Born Of Frustration / Ring The Bells / Sound / Bring A Gun / Mother / Don’t Wait That Long / Live A Love Of Life / Next Lover (not on vinyl) / Heavens / Protect Me / Seven
Born Of Frustration / Ring The Bells / Sound / Bring A Gun / Mother / Don’t Wait That Long / Live A Love Of Life / Next Lover / Heavens / Protect Me / Seven / Protect Me (live acoustic) / Sound (live) / Heavens (live) / Don’t Wait That Long (live)

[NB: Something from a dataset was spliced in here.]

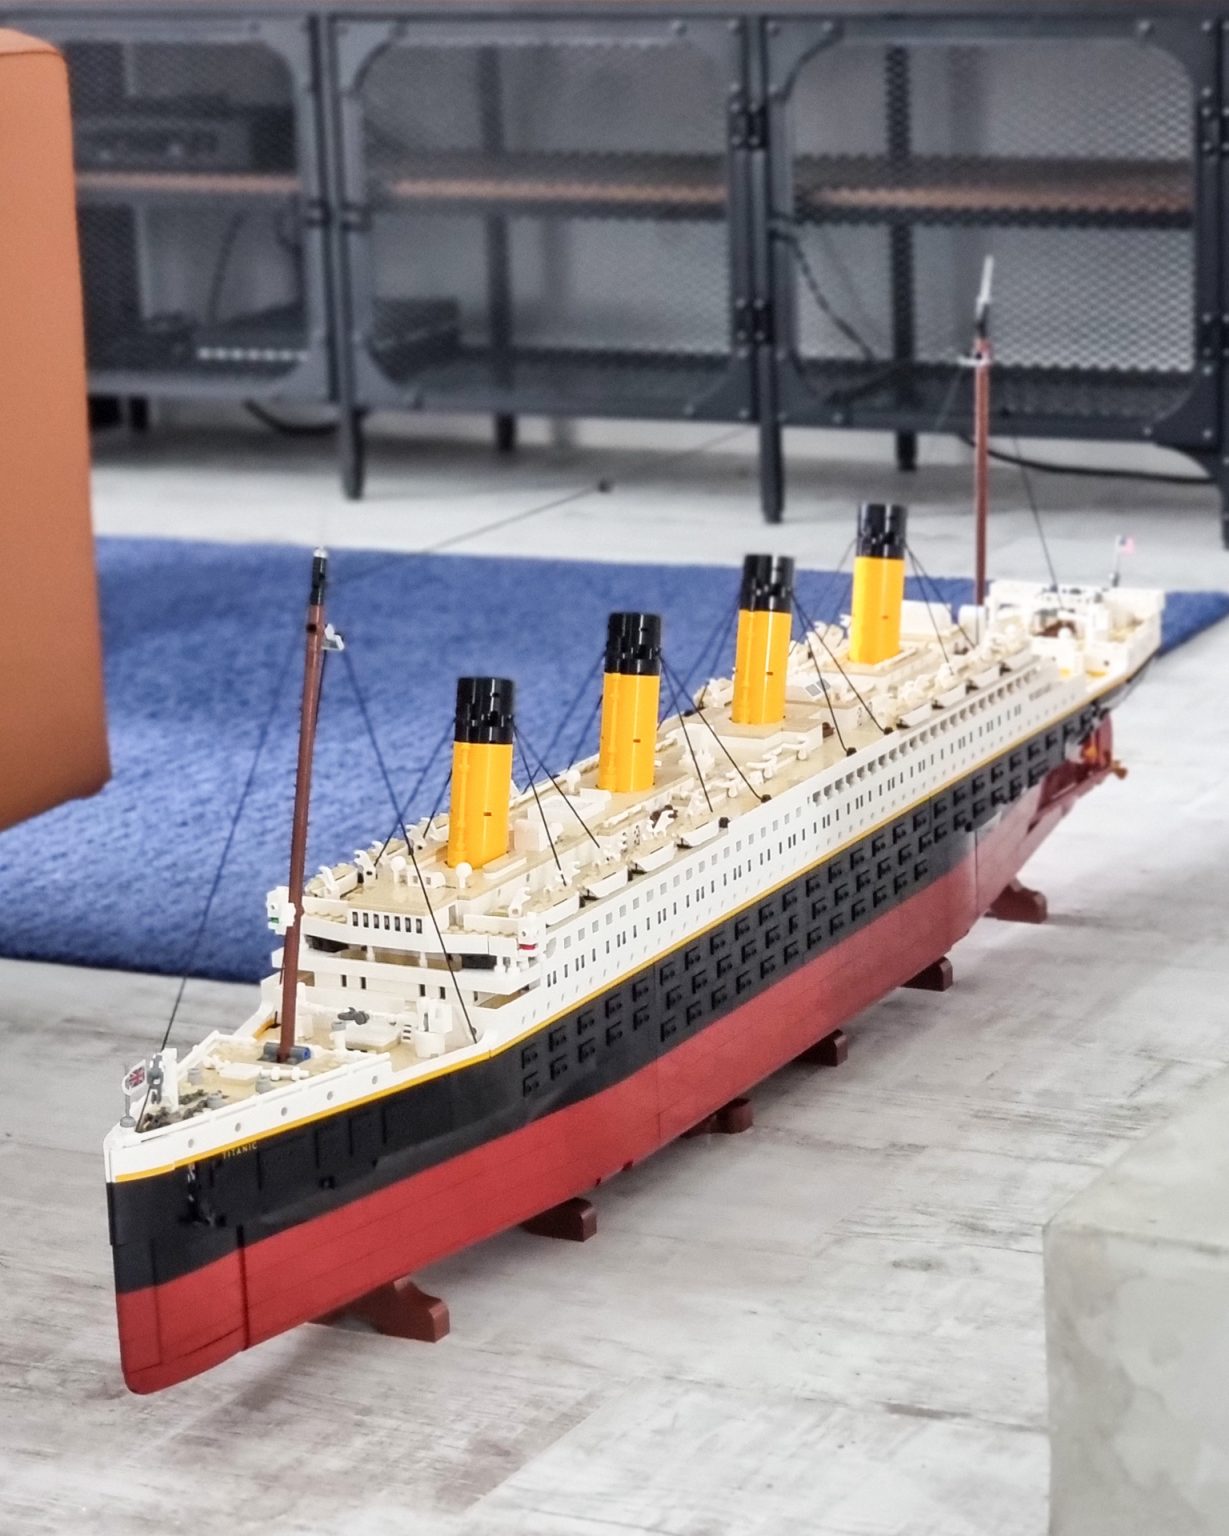 Poskladali sme obrovský Titanic z kociek LEGO, stojí za 629,99 €?

Born Of Frustration / Ring The Bells / Sound / Bring A Gun / Mother / Don’t Wait That Long / Live A Love Of Life / Next Lover / Heavens / Protect Me / Seven
Release Name: | Seven |
Artist Name: | James |
Release Date: | 17th February 1992 |
Format: | Studio Album |
Catalogue: | LP – 510 932-1, CAS 510 932-4, CD 510 932-2; CD 548 786-2 (re-issue) |
Most of the tracks that would form the Seven album were written in 1990, several were debuted on the World Cup tour and others on the December tour, with Ring The Bells, Bring A Gun and Next Lover featuring on the Come Home live video. A secret gig at Paris La Locomotive club in March 1991 saw the band start with ten new unreleased tracks from the demos they had just completed for Seven (Pressure’s On did not see the light of day until Wah Wah and Somebody Help Me remains unreleased).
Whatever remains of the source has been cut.